----- DATA -----
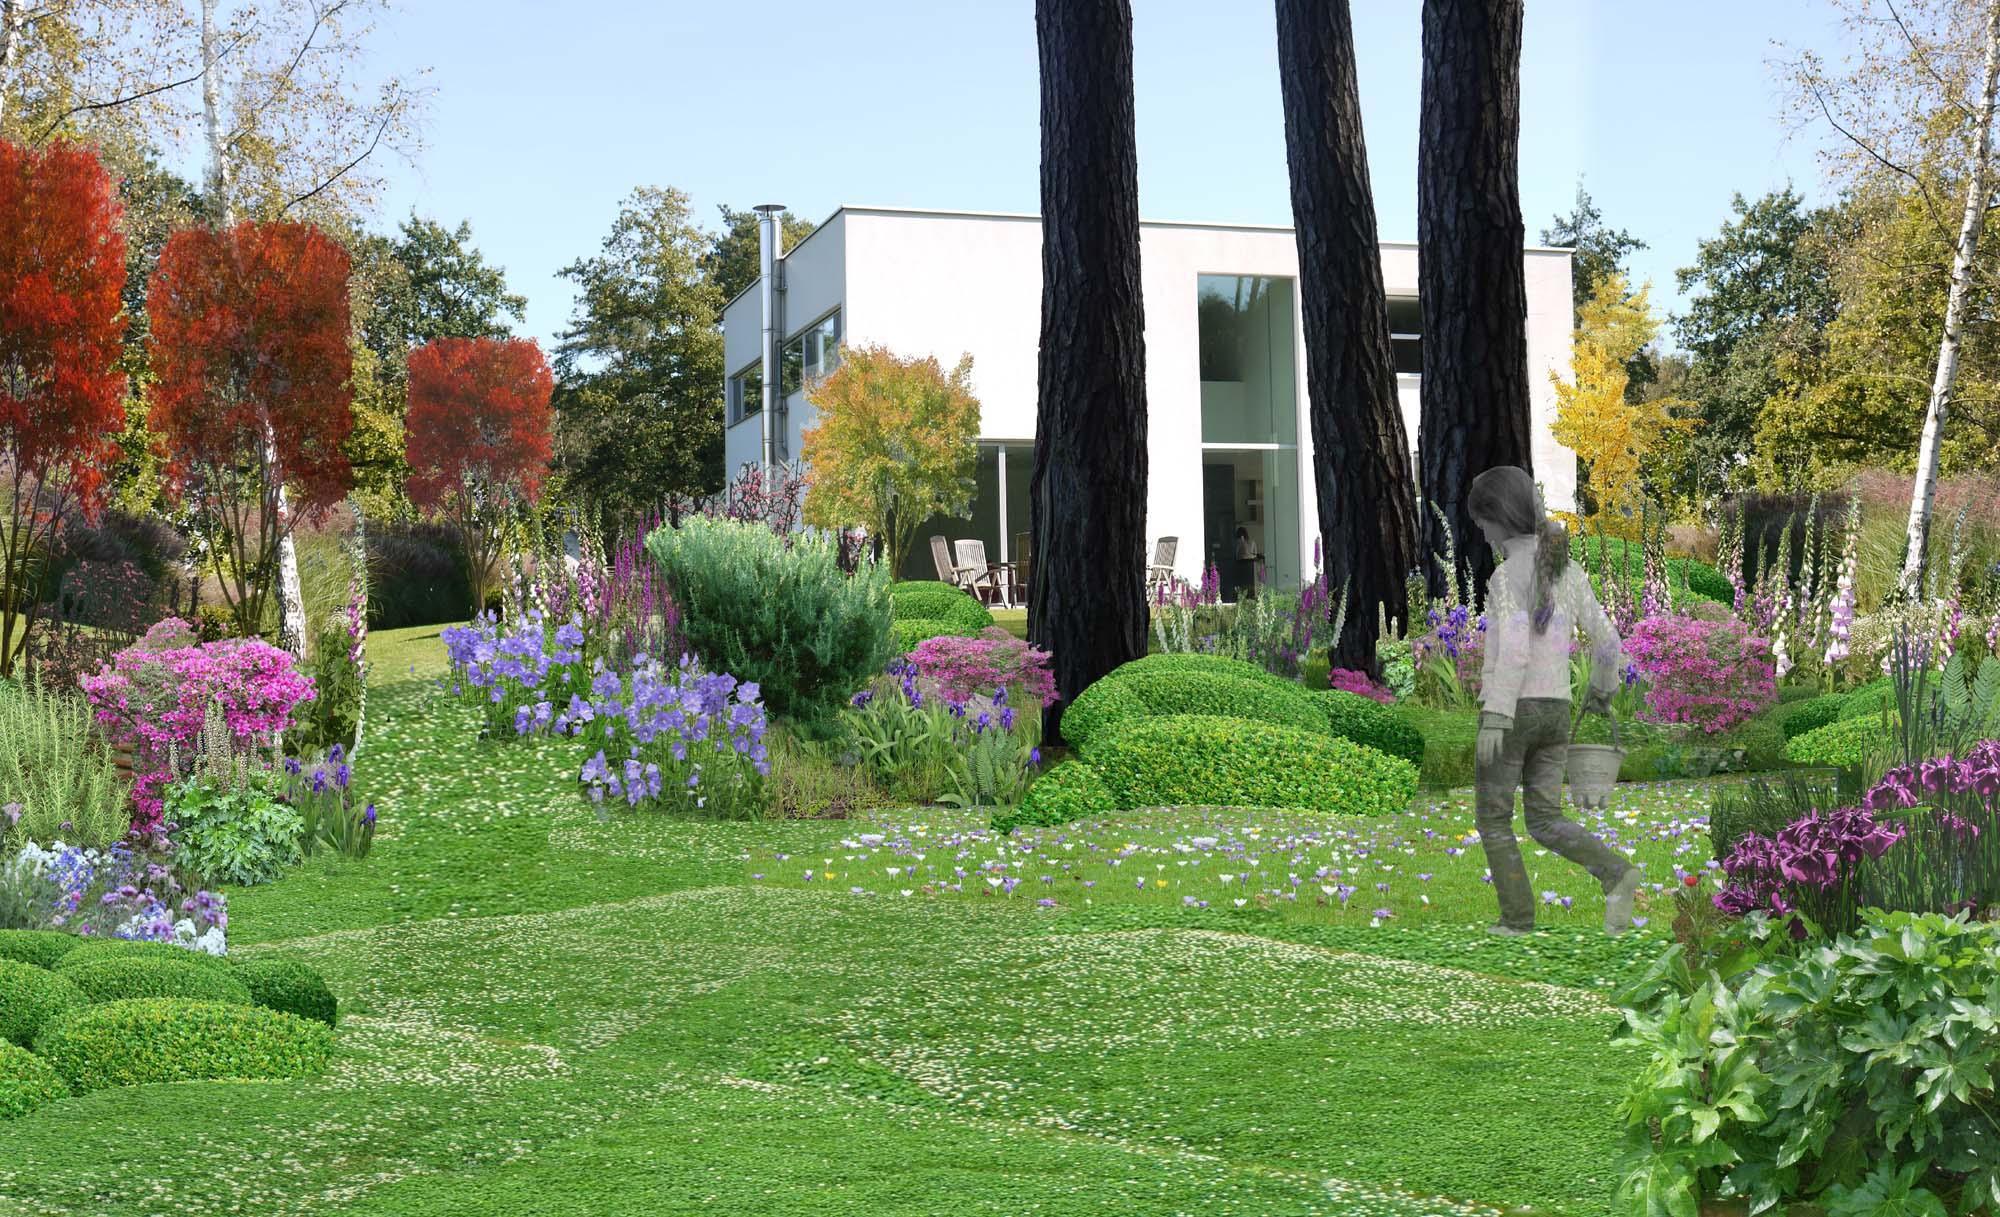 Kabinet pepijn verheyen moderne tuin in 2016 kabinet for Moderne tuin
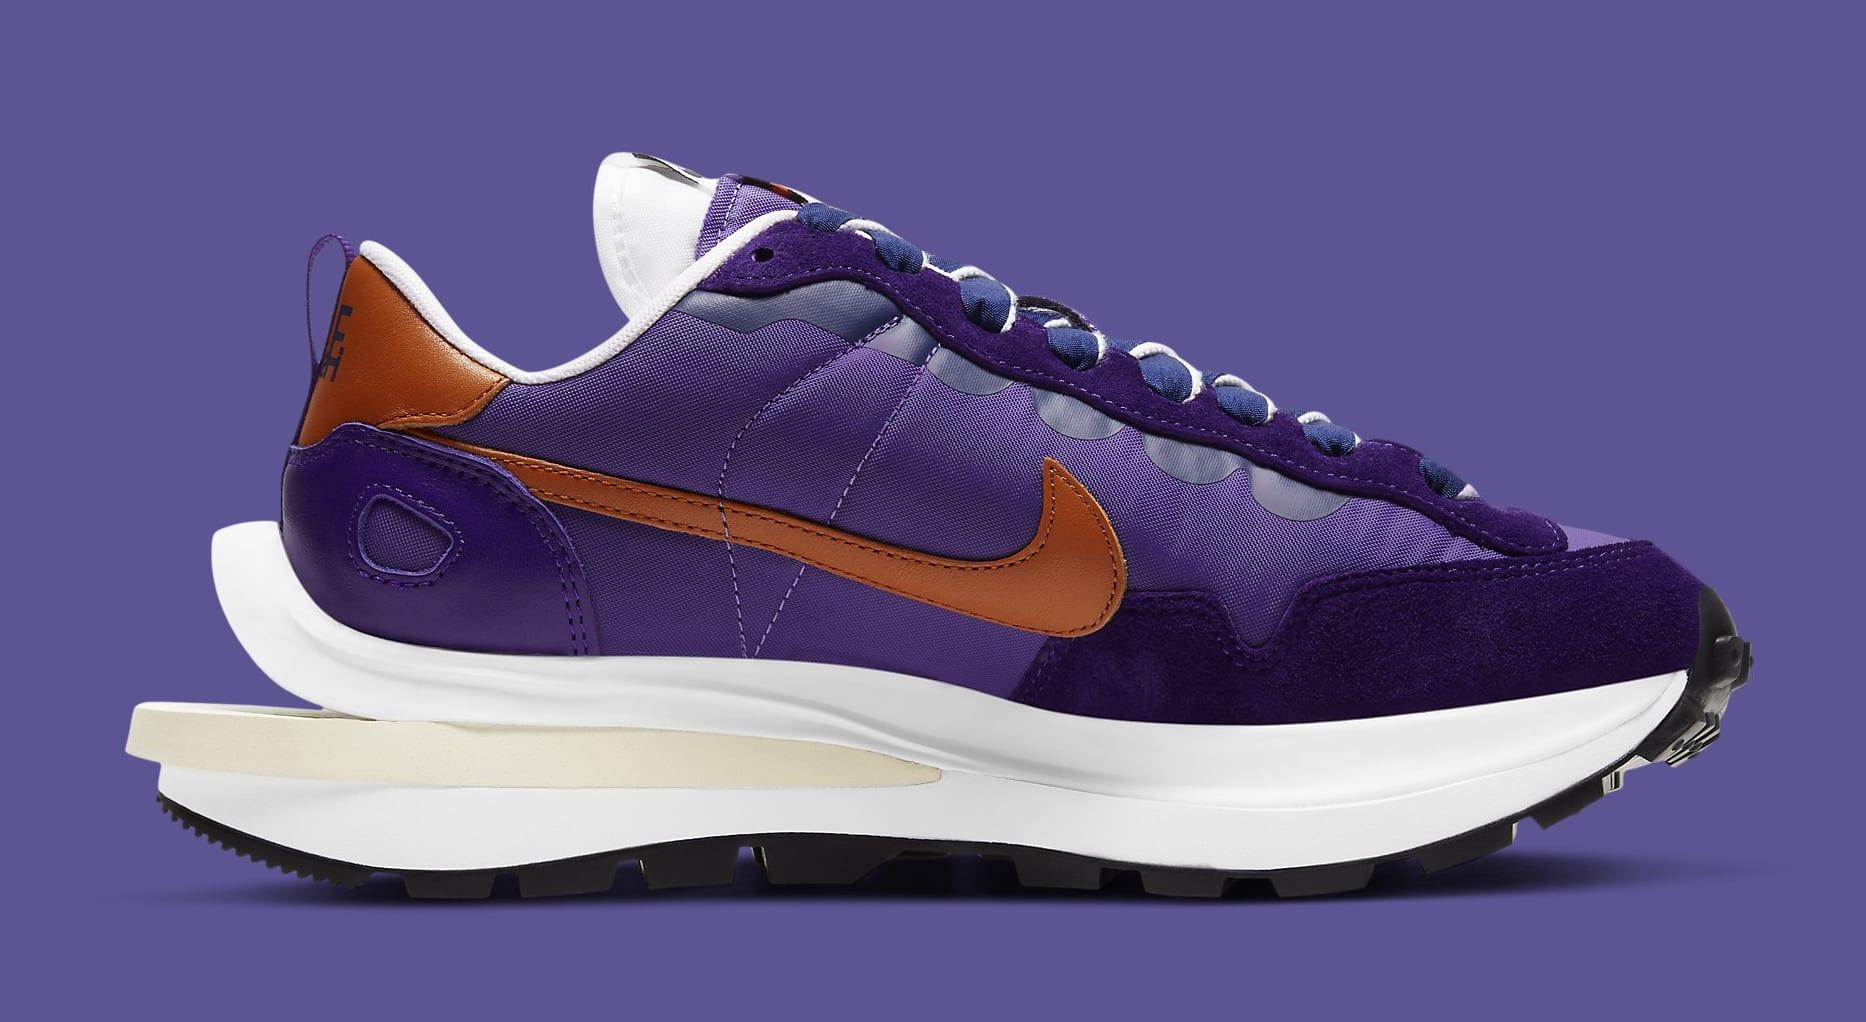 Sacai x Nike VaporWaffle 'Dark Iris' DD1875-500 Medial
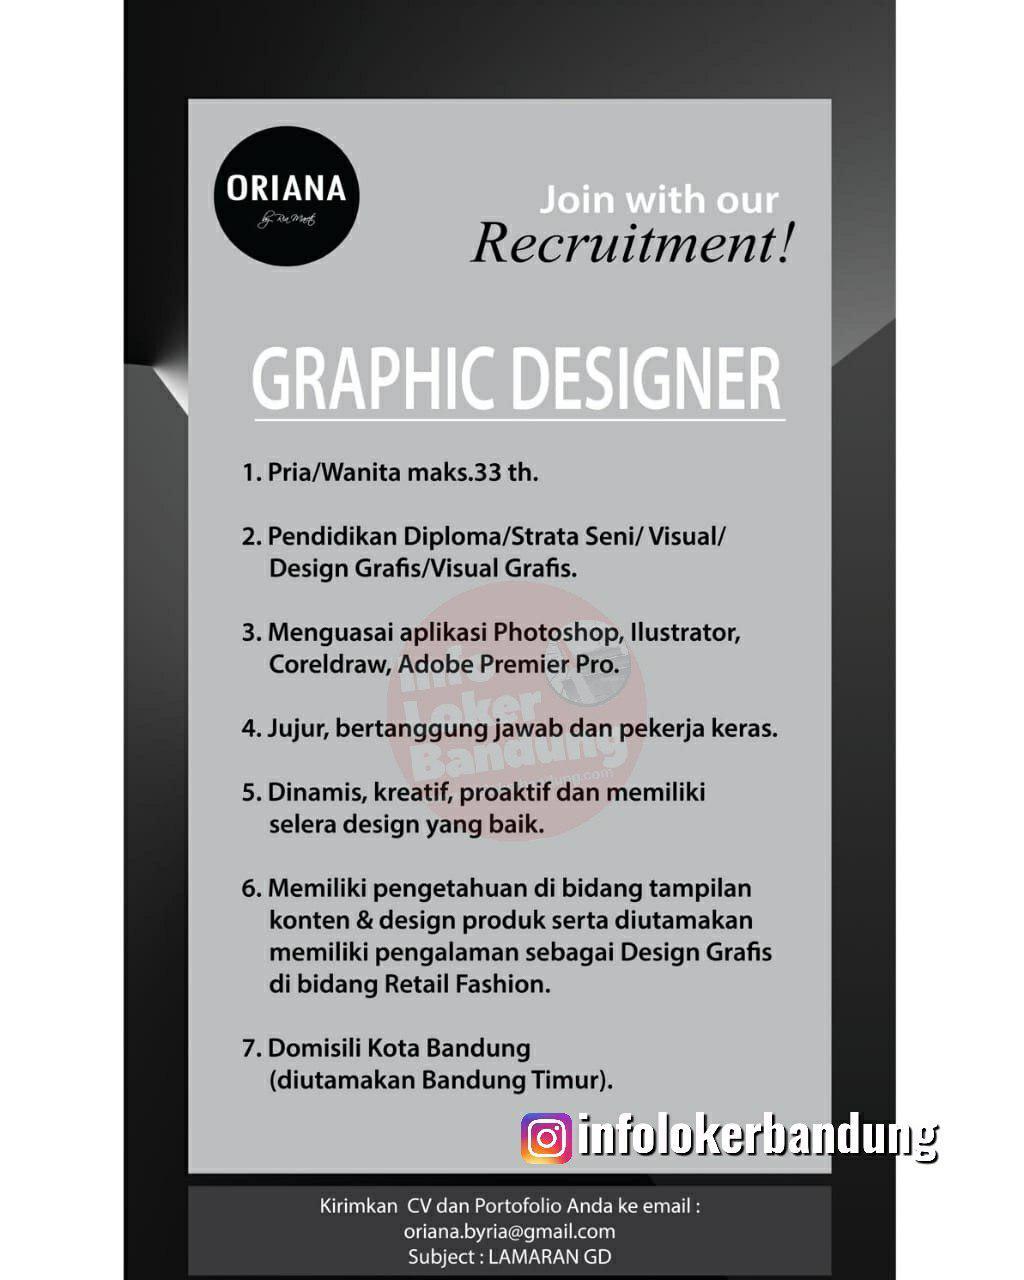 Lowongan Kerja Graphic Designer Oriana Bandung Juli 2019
-----
| WORK TO COMPLETE |
The expected answer is an unaltered copy of the listing, images removed.

| SOLUTION |
 Kabinet pepijn verheyen moderne tuin in 2016 kabinet for Moderne tuin
 Sacai x Nike VaporWaffle 'Dark Iris' DD1875-500 Medial
 Lowongan Kerja Graphic Designer Oriana Bandung Juli 2019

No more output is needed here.